--- THE DATA ---

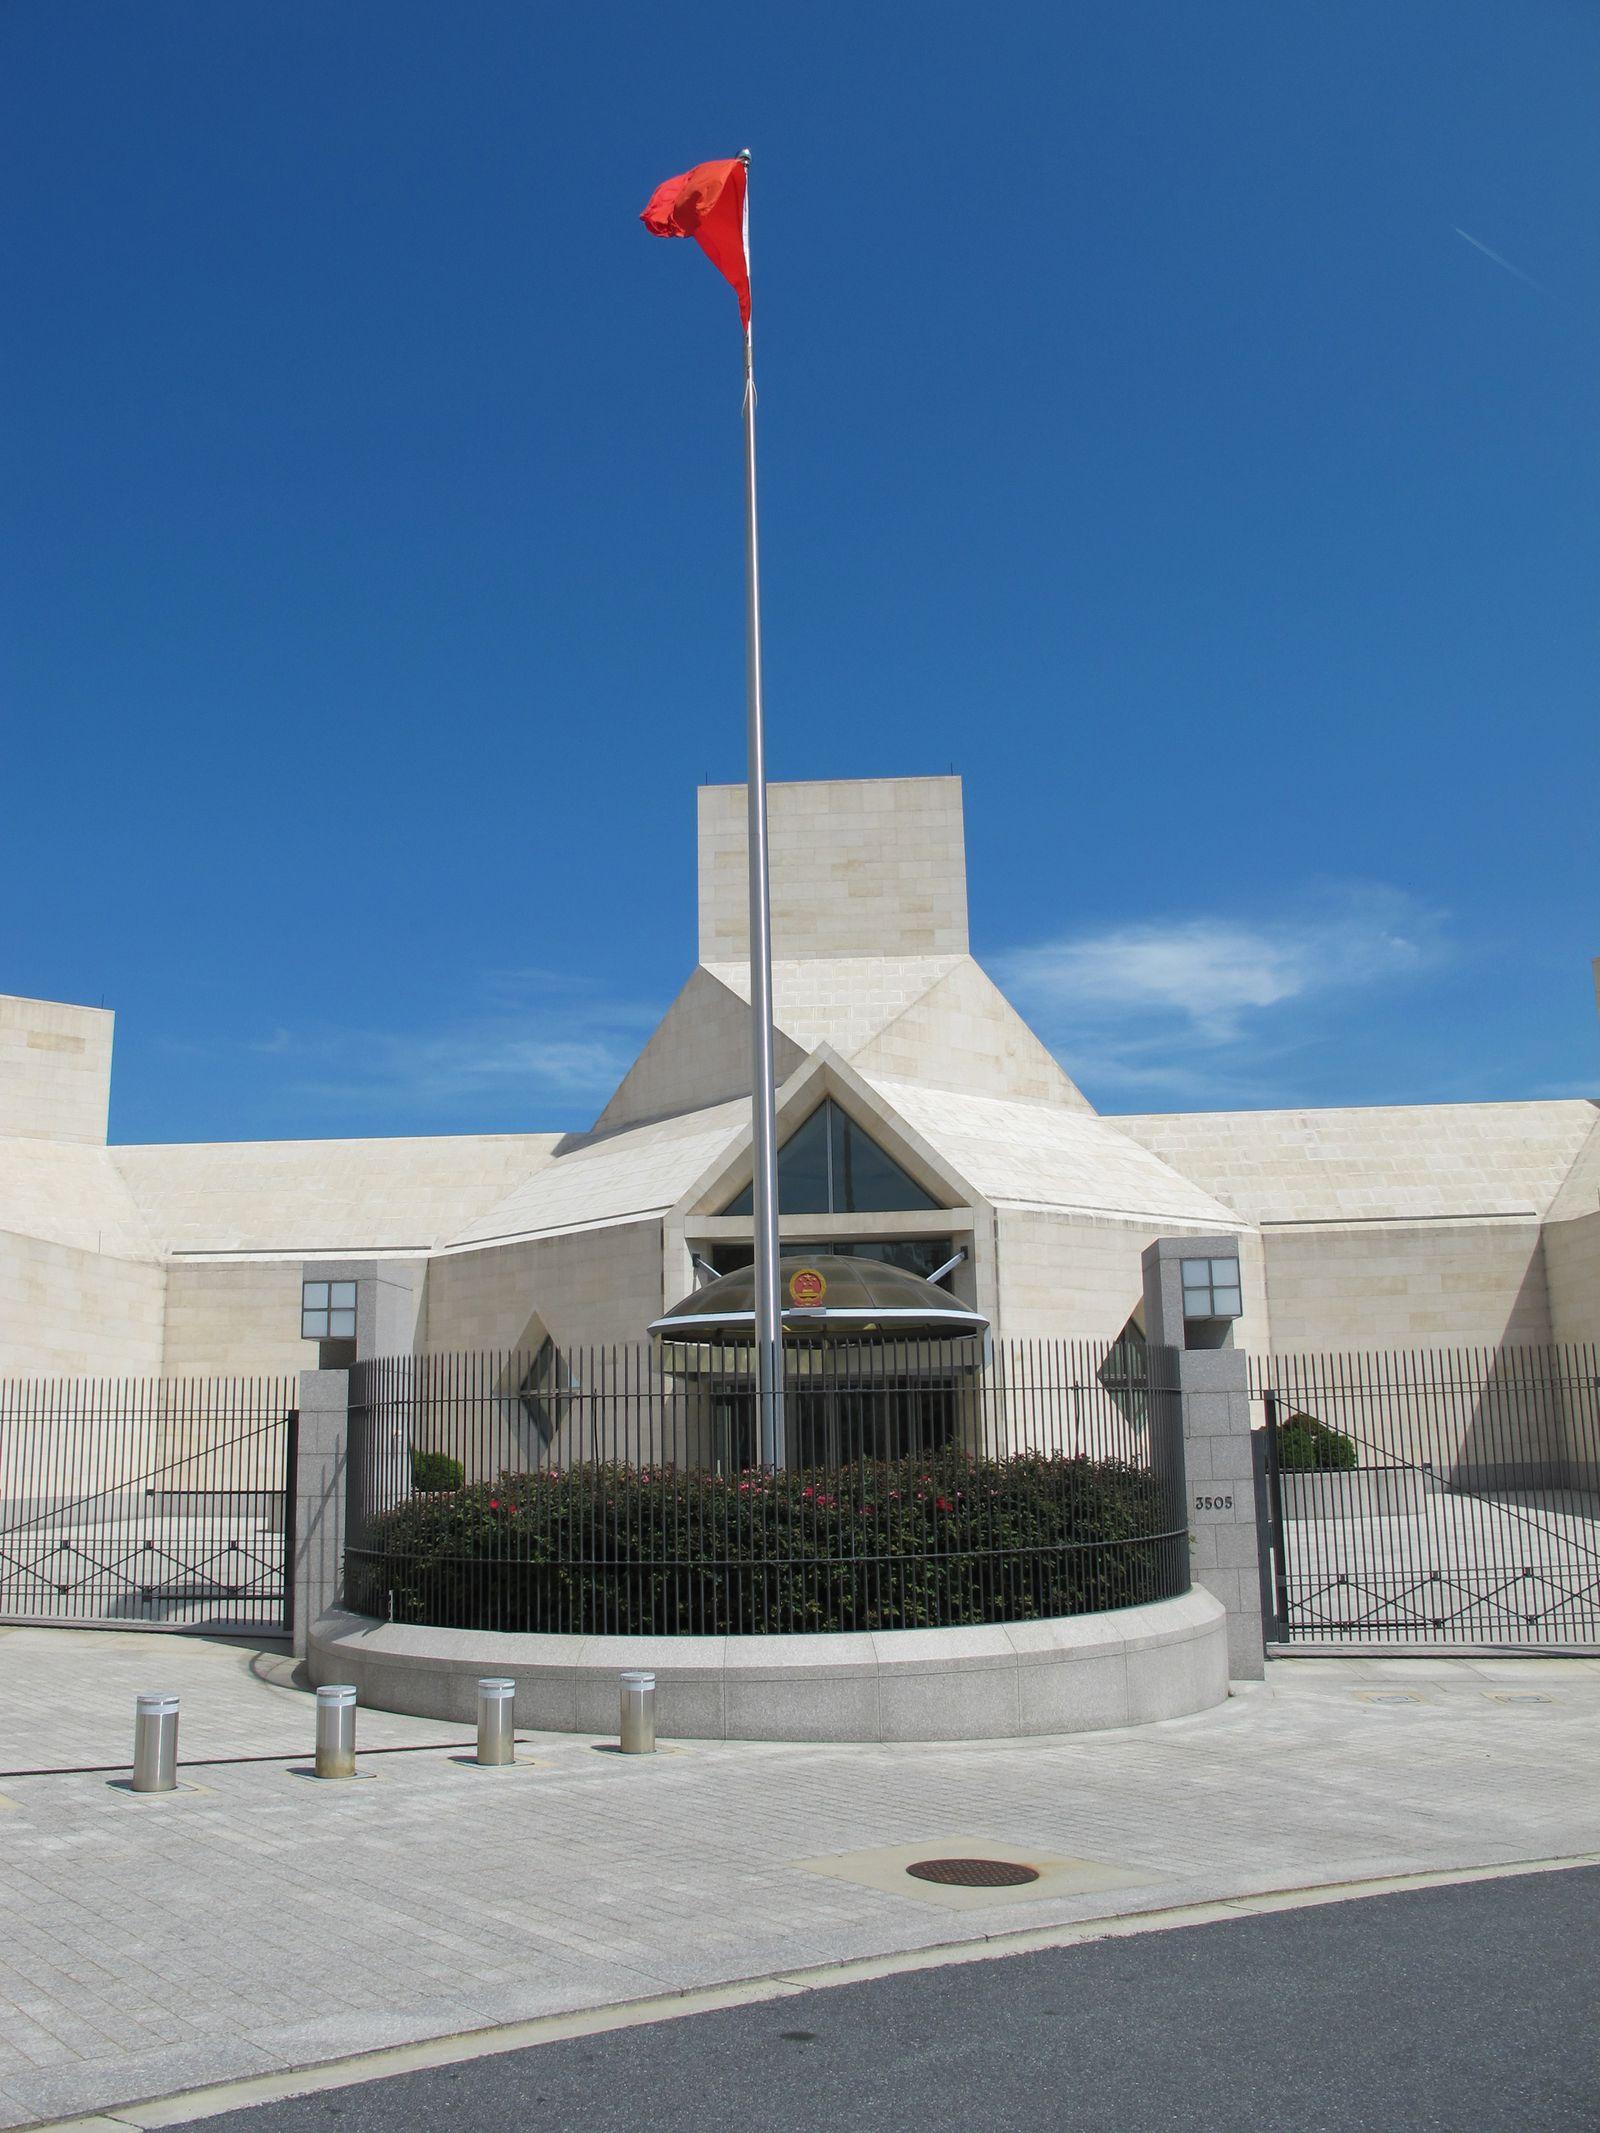 Chinesische Botschaft/ Washington
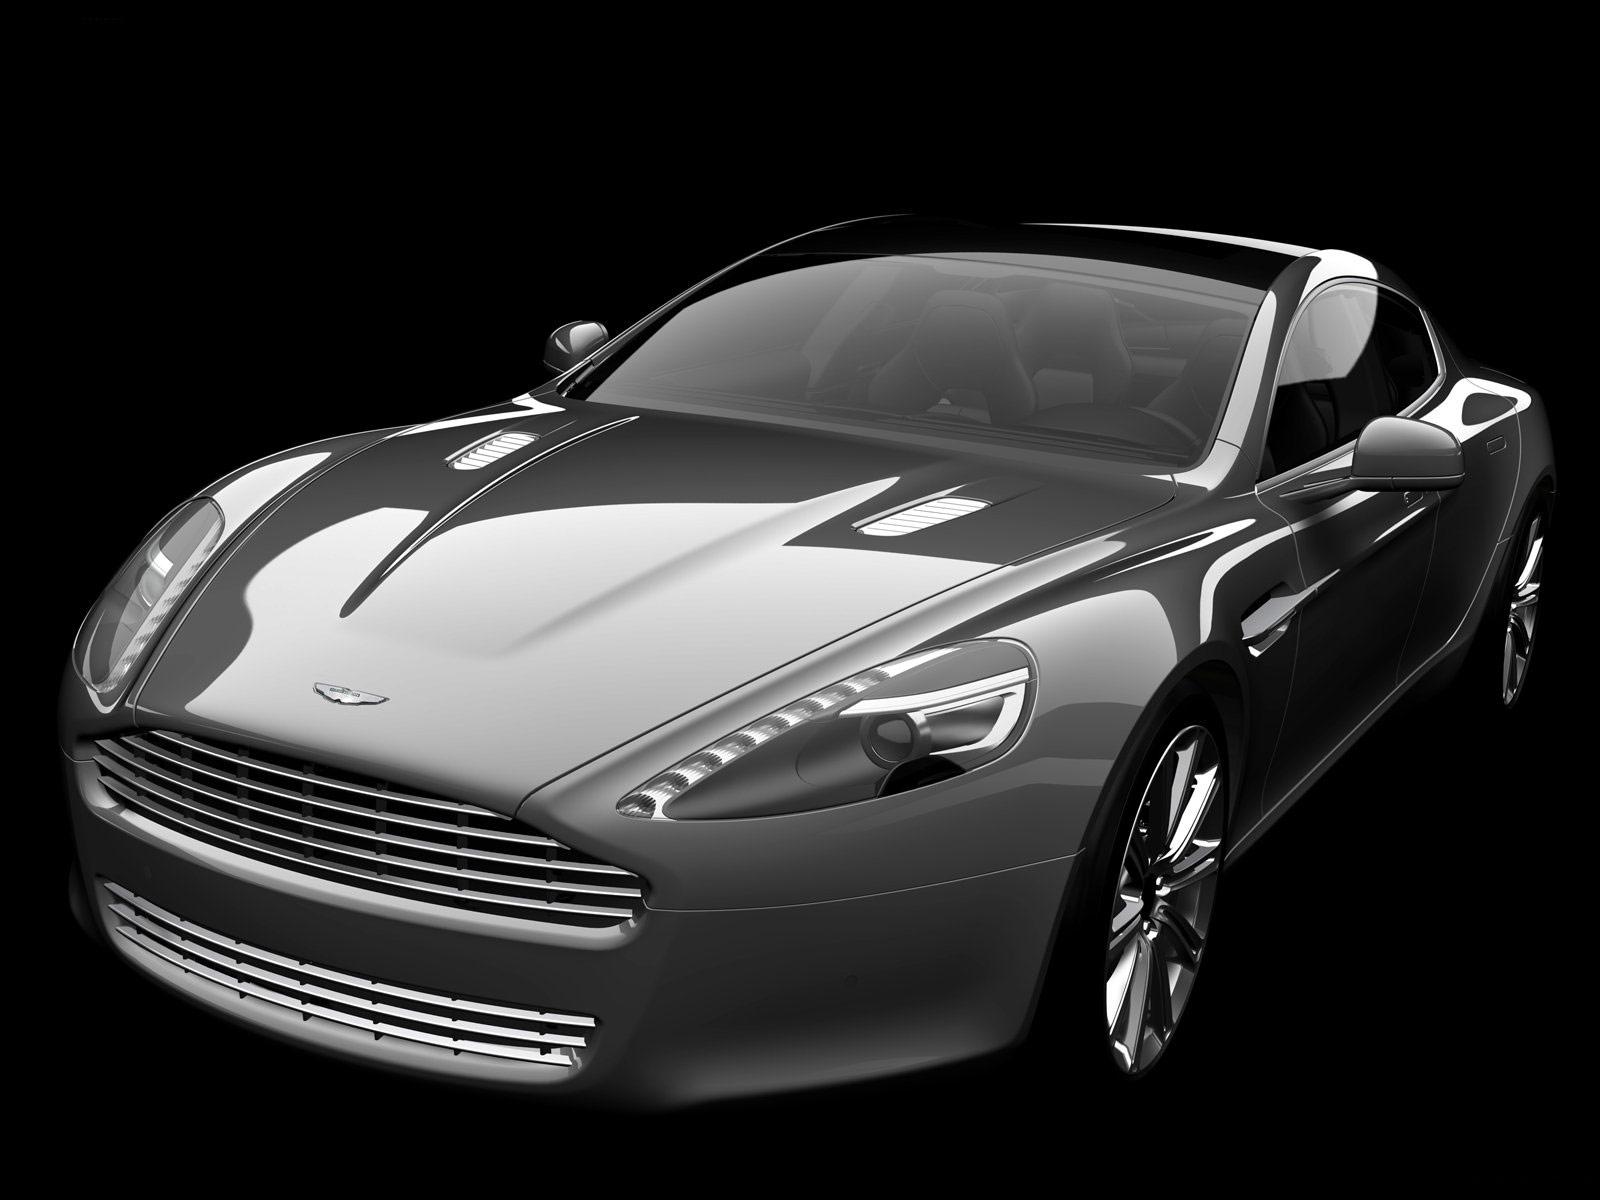 Wallpaper Mobil Sport Aston Martin: Gambar Mobil ASTON MARTIN Rapide
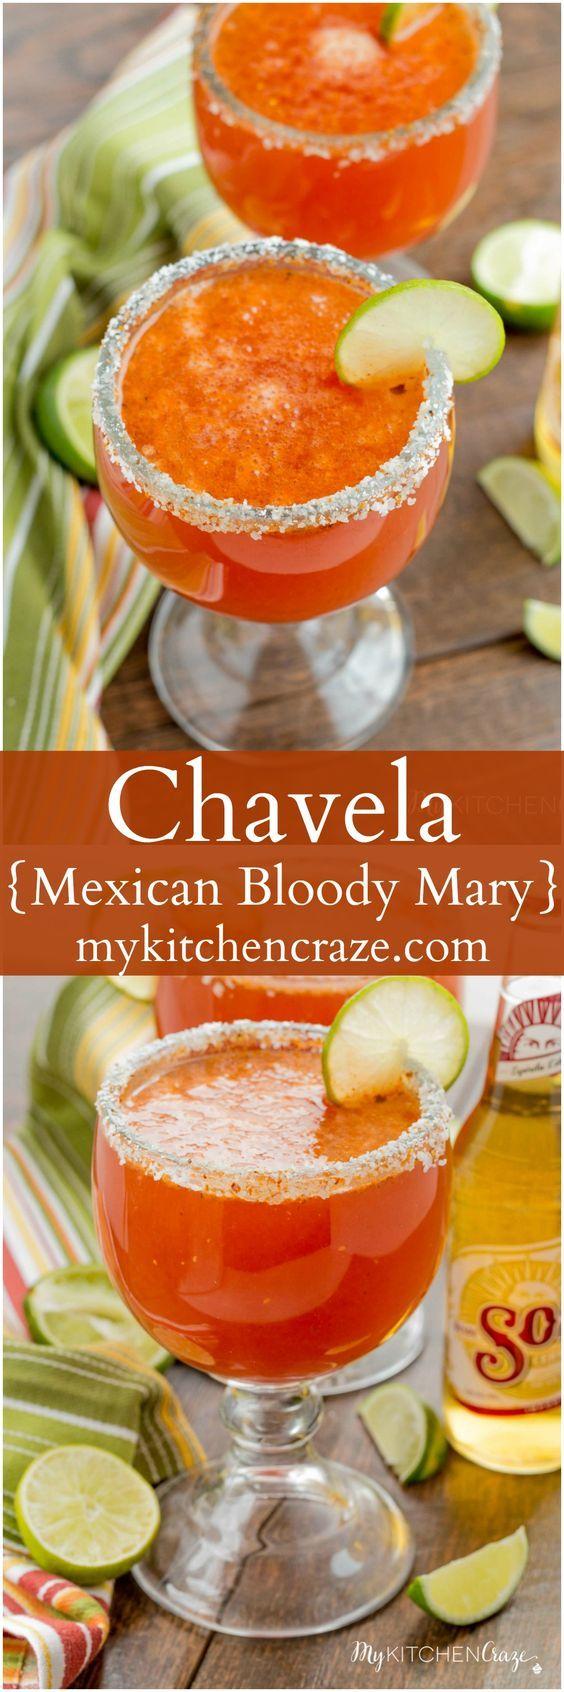 how to make a chavela recipe

---

- EXERCISE DETAILS: The copy should hold, exactly, the lines from the one containing "Wallpaper Mobil Sport" to the final line of the listing above, with both ends present and no pictures.

- REPLY:
 Wallpaper Mobil Sport Aston Martin: Gambar Mobil ASTON MARTIN Rapide
 how to make a chavela recipe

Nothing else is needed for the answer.